- _Records contained in a dataset_
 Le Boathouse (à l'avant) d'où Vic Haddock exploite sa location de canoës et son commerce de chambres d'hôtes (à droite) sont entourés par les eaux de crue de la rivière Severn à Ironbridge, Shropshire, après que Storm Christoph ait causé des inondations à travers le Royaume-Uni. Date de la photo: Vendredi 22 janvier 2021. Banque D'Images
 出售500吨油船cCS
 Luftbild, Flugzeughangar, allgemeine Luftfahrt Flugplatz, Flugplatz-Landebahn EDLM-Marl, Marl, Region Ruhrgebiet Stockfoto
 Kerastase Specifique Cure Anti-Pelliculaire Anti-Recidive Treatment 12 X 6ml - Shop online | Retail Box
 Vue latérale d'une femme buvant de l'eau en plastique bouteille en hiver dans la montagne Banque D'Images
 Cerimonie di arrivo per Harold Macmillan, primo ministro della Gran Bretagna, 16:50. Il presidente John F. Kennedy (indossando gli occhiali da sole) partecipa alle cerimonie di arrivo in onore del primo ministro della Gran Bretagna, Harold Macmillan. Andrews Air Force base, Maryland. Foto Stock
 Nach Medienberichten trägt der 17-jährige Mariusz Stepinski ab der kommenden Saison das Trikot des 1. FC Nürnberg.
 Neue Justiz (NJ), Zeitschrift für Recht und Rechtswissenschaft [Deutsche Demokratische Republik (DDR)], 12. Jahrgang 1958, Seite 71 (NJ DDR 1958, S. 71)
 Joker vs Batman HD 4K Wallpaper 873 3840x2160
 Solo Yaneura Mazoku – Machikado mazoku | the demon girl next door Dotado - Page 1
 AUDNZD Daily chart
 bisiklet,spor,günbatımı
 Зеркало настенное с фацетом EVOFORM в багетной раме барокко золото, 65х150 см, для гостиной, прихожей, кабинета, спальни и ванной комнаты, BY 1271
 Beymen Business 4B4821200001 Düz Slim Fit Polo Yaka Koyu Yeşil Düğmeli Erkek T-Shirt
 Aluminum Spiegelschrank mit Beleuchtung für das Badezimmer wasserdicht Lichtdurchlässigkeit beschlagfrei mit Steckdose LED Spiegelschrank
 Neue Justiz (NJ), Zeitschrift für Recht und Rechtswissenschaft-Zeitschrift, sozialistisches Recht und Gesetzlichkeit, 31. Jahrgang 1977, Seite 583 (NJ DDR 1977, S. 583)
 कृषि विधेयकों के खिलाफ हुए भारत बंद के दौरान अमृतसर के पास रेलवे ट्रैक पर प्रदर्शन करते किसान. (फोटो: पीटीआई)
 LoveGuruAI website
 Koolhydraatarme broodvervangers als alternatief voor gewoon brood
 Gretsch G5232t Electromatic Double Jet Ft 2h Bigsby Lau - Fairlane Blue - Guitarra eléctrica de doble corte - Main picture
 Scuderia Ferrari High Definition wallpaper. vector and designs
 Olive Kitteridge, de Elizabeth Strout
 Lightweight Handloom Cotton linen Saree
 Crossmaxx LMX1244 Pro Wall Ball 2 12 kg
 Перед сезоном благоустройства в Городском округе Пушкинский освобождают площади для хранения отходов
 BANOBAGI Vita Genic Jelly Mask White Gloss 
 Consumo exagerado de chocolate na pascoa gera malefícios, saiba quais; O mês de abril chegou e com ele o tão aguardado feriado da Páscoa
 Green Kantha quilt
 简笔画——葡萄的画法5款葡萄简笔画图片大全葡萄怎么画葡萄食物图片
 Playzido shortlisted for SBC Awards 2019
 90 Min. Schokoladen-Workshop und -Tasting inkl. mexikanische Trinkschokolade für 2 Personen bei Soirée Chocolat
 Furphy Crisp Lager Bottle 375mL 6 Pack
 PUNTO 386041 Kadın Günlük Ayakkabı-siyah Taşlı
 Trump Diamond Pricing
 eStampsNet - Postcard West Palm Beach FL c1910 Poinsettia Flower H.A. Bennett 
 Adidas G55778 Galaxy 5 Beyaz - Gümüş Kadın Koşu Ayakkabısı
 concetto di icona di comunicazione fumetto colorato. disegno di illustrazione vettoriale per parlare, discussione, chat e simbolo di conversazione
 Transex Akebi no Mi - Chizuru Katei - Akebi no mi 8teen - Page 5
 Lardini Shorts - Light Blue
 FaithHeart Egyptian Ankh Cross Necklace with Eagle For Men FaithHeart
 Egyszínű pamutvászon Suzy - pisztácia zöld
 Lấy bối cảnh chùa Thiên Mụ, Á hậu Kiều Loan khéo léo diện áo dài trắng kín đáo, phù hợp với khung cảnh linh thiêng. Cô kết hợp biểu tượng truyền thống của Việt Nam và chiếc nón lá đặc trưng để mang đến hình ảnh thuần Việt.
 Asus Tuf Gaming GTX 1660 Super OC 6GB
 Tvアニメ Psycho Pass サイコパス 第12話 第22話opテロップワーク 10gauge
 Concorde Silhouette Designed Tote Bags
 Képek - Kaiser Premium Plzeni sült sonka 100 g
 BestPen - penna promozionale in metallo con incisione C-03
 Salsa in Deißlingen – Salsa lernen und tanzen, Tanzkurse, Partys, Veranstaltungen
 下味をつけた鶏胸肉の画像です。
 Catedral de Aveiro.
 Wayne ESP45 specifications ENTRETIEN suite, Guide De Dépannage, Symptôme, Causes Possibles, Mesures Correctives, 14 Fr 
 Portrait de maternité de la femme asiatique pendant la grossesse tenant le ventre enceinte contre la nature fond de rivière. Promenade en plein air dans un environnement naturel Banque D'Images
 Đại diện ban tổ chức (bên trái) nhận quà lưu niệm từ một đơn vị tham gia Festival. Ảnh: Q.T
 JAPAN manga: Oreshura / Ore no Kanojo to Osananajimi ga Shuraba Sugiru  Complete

- _Aim of the task_
Set down precisely the lines above between the line holding "Wayne ESP45 specifications" and the line holding "Portrait de maternité", inclusive, and nothing beyond them.

- _Solution to this problem_
 Wayne ESP45 specifications ENTRETIEN suite, Guide De Dépannage, Symptôme, Causes Possibles, Mesures Correctives, 14 Fr 
 Portrait de maternité de la femme asiatique pendant la grossesse tenant le ventre enceinte contre la nature fond de rivière. Promenade en plein air dans un environnement naturel Banque D'Images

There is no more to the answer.